Piccolo2: General Text Embeddings with Multi-Task Hybrid loss Training

🚀 New SOTA on CMTEB

🔥 Our general sentence embedding sensenova/piccolo-large-zh-v2 achieves SOTA on the CMTEB Leaderboard with an average score of 70.95. [2024/4/23]

📄 Results on CMTEB Leaderboard [click to expand]

💡Model Highlights

Here we introduce Piccolo2, an embedding model that surpasses other models in the comprehensive evaluation over 6 tasks on CMTEB benchmark, setting a new state-of-the-art. Piccolo2 primarily leverages an efficient multi-task hybrid loss training approach, effectively harnessing textual data and labels from diverse downstream tasks. In addition, Piccolo2 scales up the embedding dimension and uses MRL training to support more flexible vector dimensions.

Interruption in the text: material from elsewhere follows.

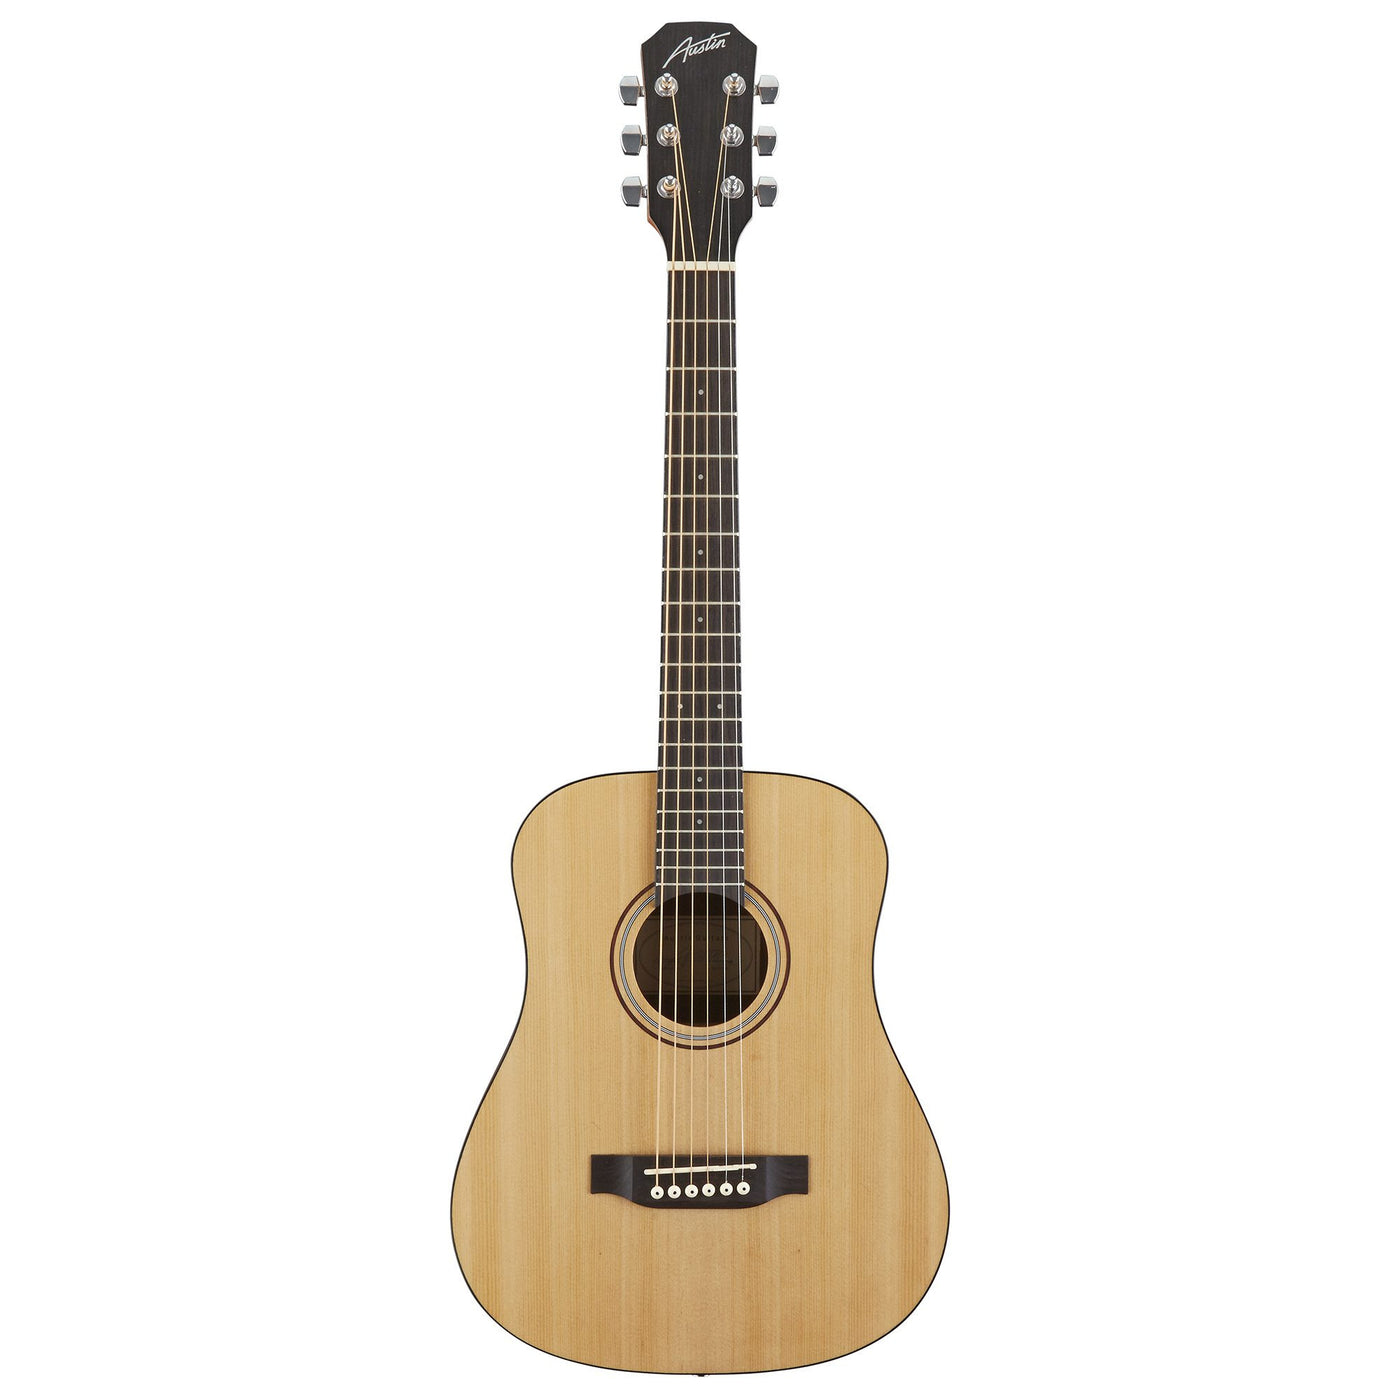 Austin Travel Size Dreadnought Acoustic Guitar, Satin Natural with Gig Bag

For huggingface model, please refer to our space: https://huggingface.co/sensenova
For training details, please refer to our tech report: https://arxiv.org/abs/2405.06932

📖 Repo Details

In this repo, we release our training code and implement some tricks that are helpful for embedding training, including:

Multi-task Hybrid Loss Training
Matryoshka Representation Learning
Embdding Dimension Scaling
Task-Homogenous Dataset
Position Embedding Hierarchical Decomposition

In order to save memory, we default use deepspeed-zero1, gradient checkpointing and mix-precision for training. We also provide slurm scripts to help conduct distributed training.

Tips

The repository will default to training using a multi-task hybrid loss, which is described in our technical report.

For embdding dimension scaling, we hard code the pretrain path, input dim and output dim in the code:

self.scaling_layer = ScalingLayer(origin_dim=1024, scaling_dim=1792)
if os.path.exists(os.path.join(model_name_or_path, '2_Dense/pytorch_model.bin')):
scaling_layer_state_dict = torch.load(os.path.join(model_name_or_path, '2_Dense/pytorch_model.bin'))
self.scaling_layer.load_state_dict(scaling_layer_state_dict, strict=True)

For MRL training, we hard code the nesting list. Feel free to modify it by yourself.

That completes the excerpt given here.